Write this down: New federal regulations regarding carbon emissions will be on the books within the next five years, regardless of who occupies the White House in January 2009. This will happen not because the environmental movement is gaining strength, but because a sense of urgency about climate change has moved beyond the environmental community and into the minds of corporate leaders and geopolitical strategists. The politicians will follow. Climate change—and the vexing question about what to do about it—is provoking a paradigm shift in the political alignments that have historically defined the issue.
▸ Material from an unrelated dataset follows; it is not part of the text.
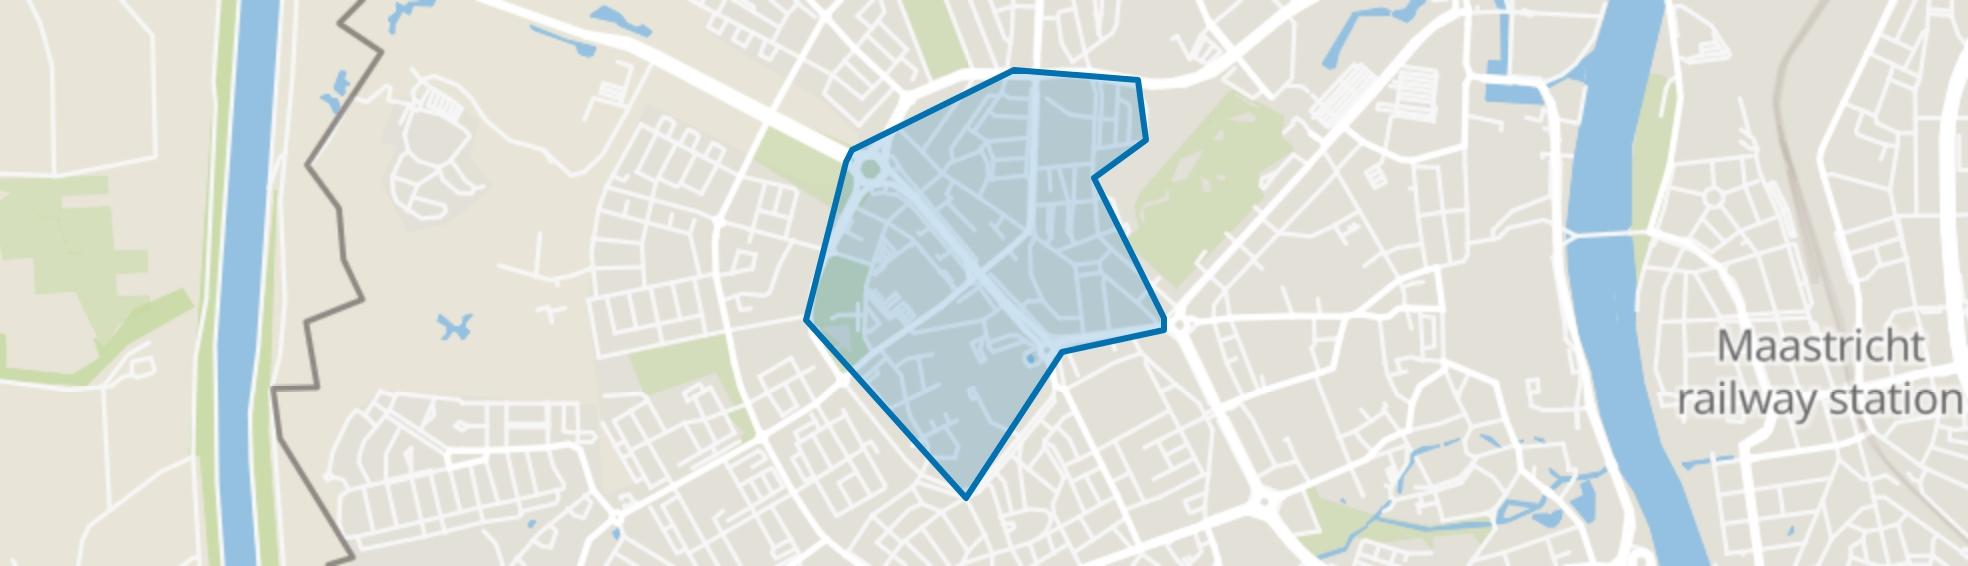 Brusselsepoort, Maastricht map
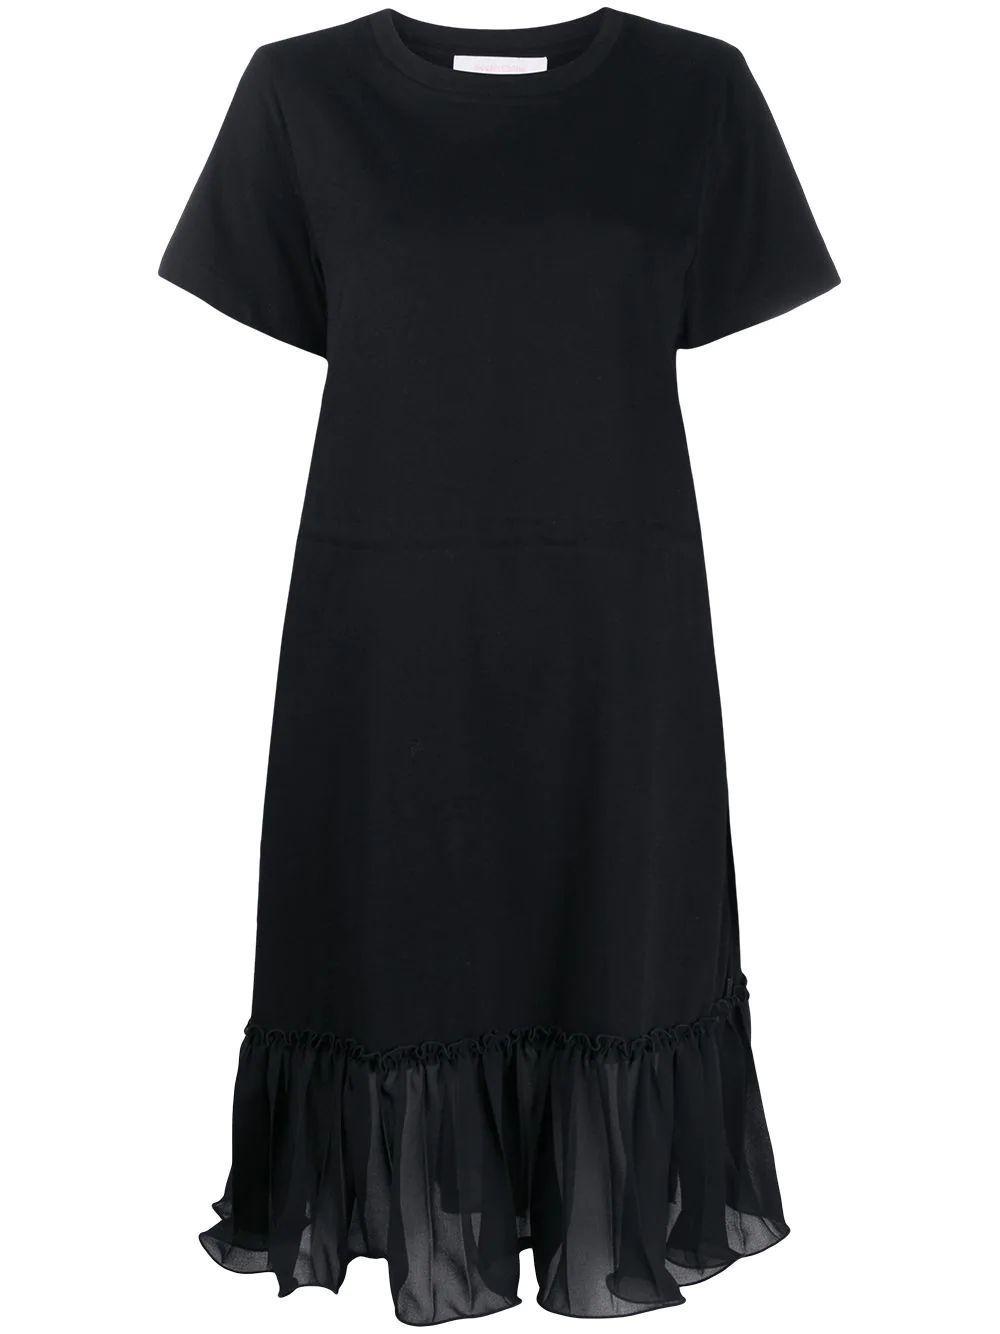 Ruffle Detail Drawstring T- Shirt Dress Item # CHS20AJR30082

The conservative Republican coalition that has for decades sought to inhibit aggressive environmental regulation was built largely on three ideological pillars: a nationalism that emphasized national security and competitiveness; support for big business based on a laissez-faire argument about the wealth of nations; and a notion of morality rooted in American traditions of biblical interpretation. The ground is shifting beneath all three pillars. We may not be far from a time when nationalistic, pro-business, Christian conservatives make common political cause, albeit tactical, with those they used to call tree huggers around the regulatory issues raised by climate change.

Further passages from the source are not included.